- Given records -
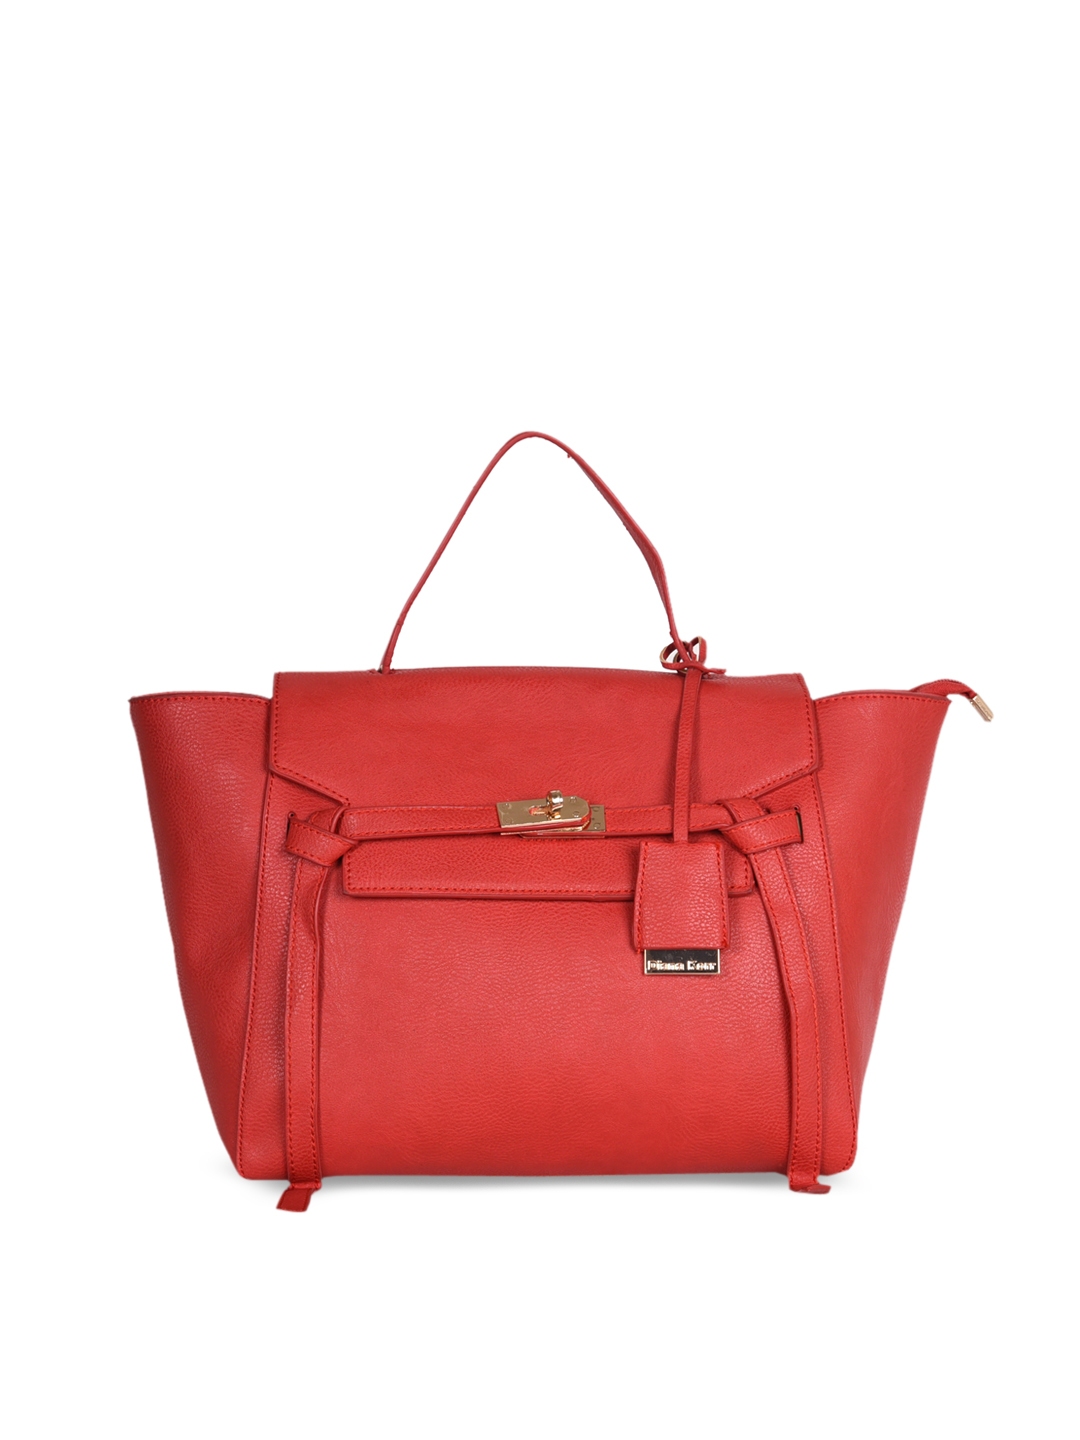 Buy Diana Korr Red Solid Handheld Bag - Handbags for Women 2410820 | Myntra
---
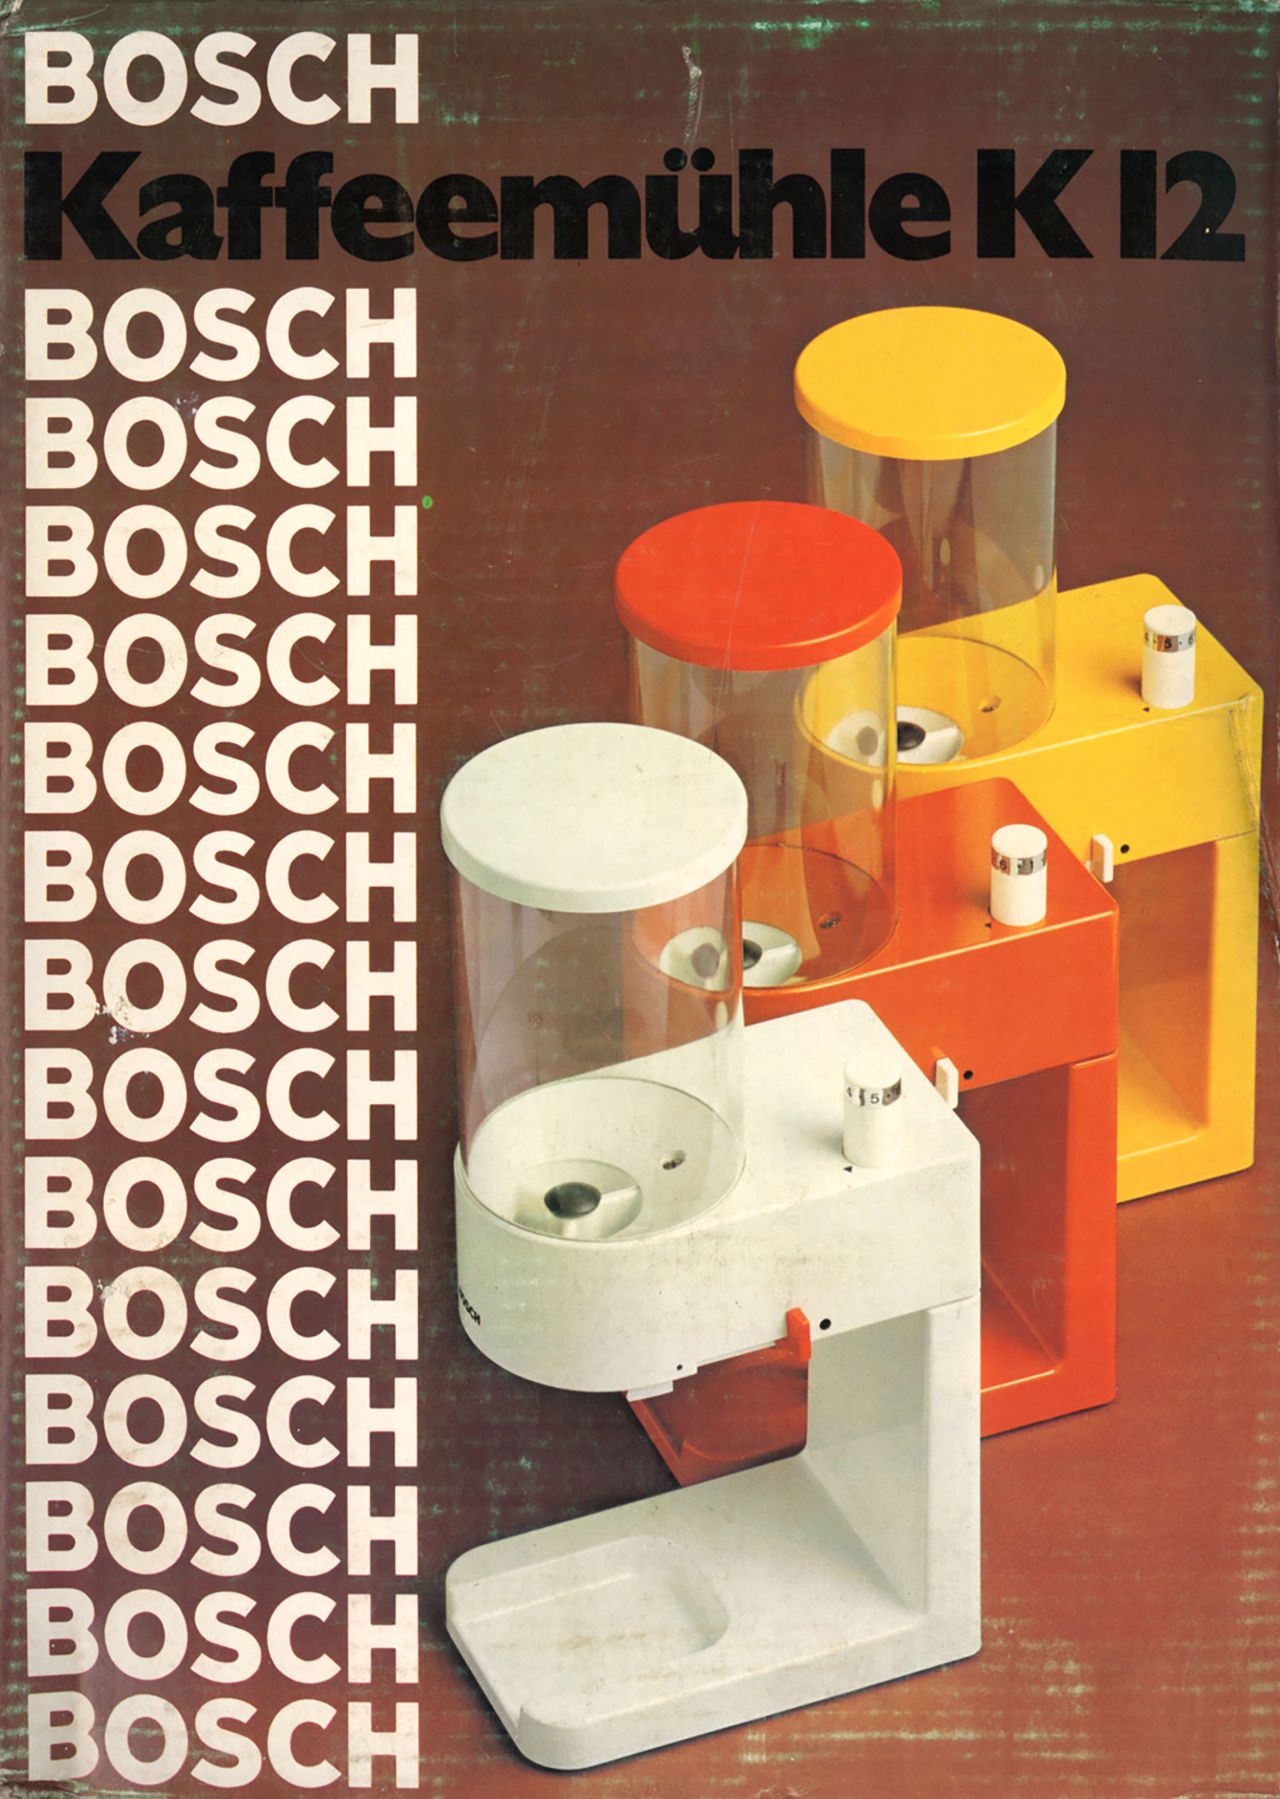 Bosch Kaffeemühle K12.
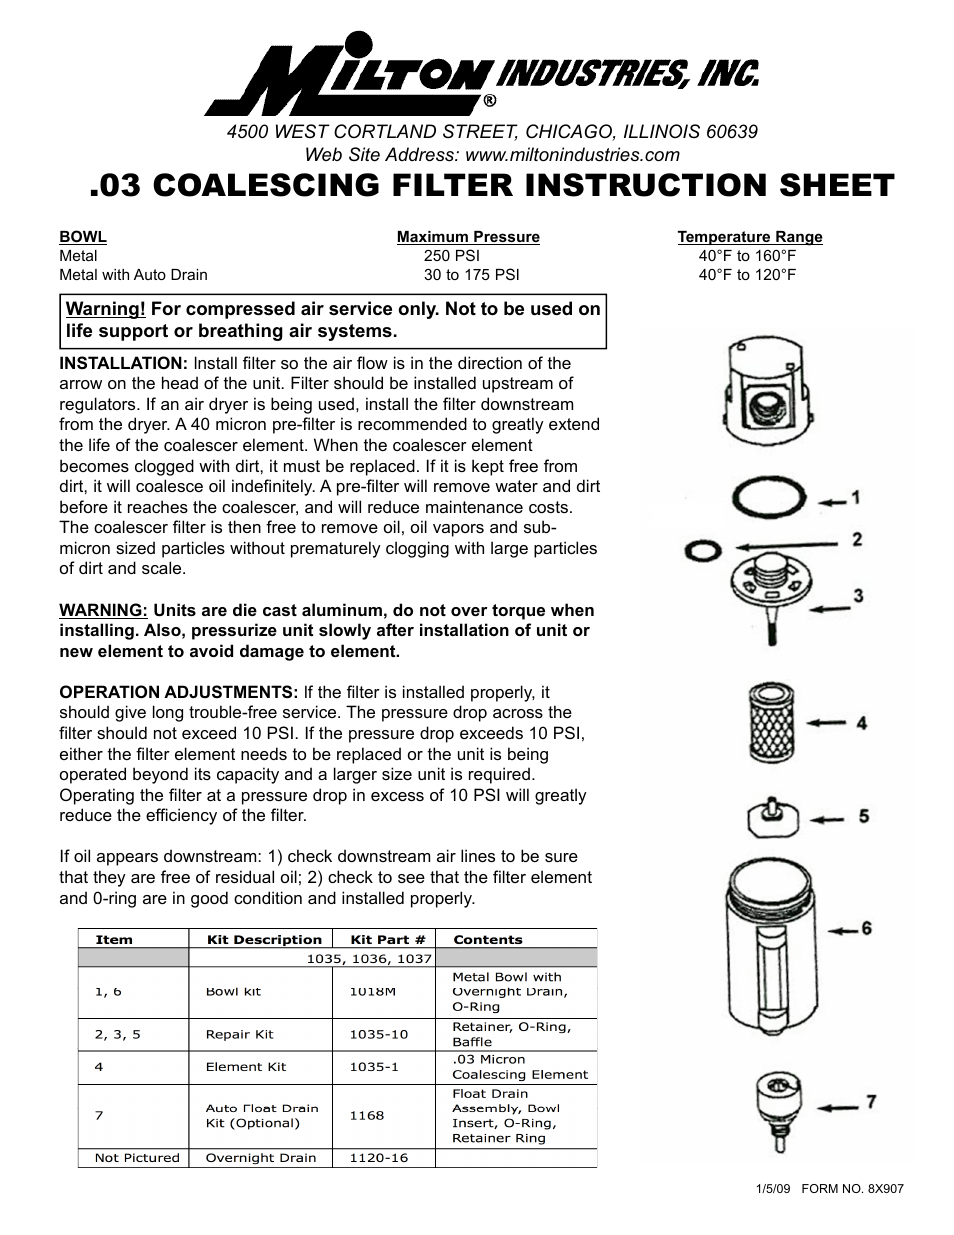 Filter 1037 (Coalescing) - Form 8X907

- Brief -
Would you copy the lines above exactly, starting with the one that has "Bosch Kaffeemühle K12." and ending with the one that has "Filter 1037 (Coalescing) - Form 8X907", both included, without the pictures?

- Answer to this task -
 Bosch Kaffeemühle K12.
 Filter 1037 (Coalescing) - Form 8X907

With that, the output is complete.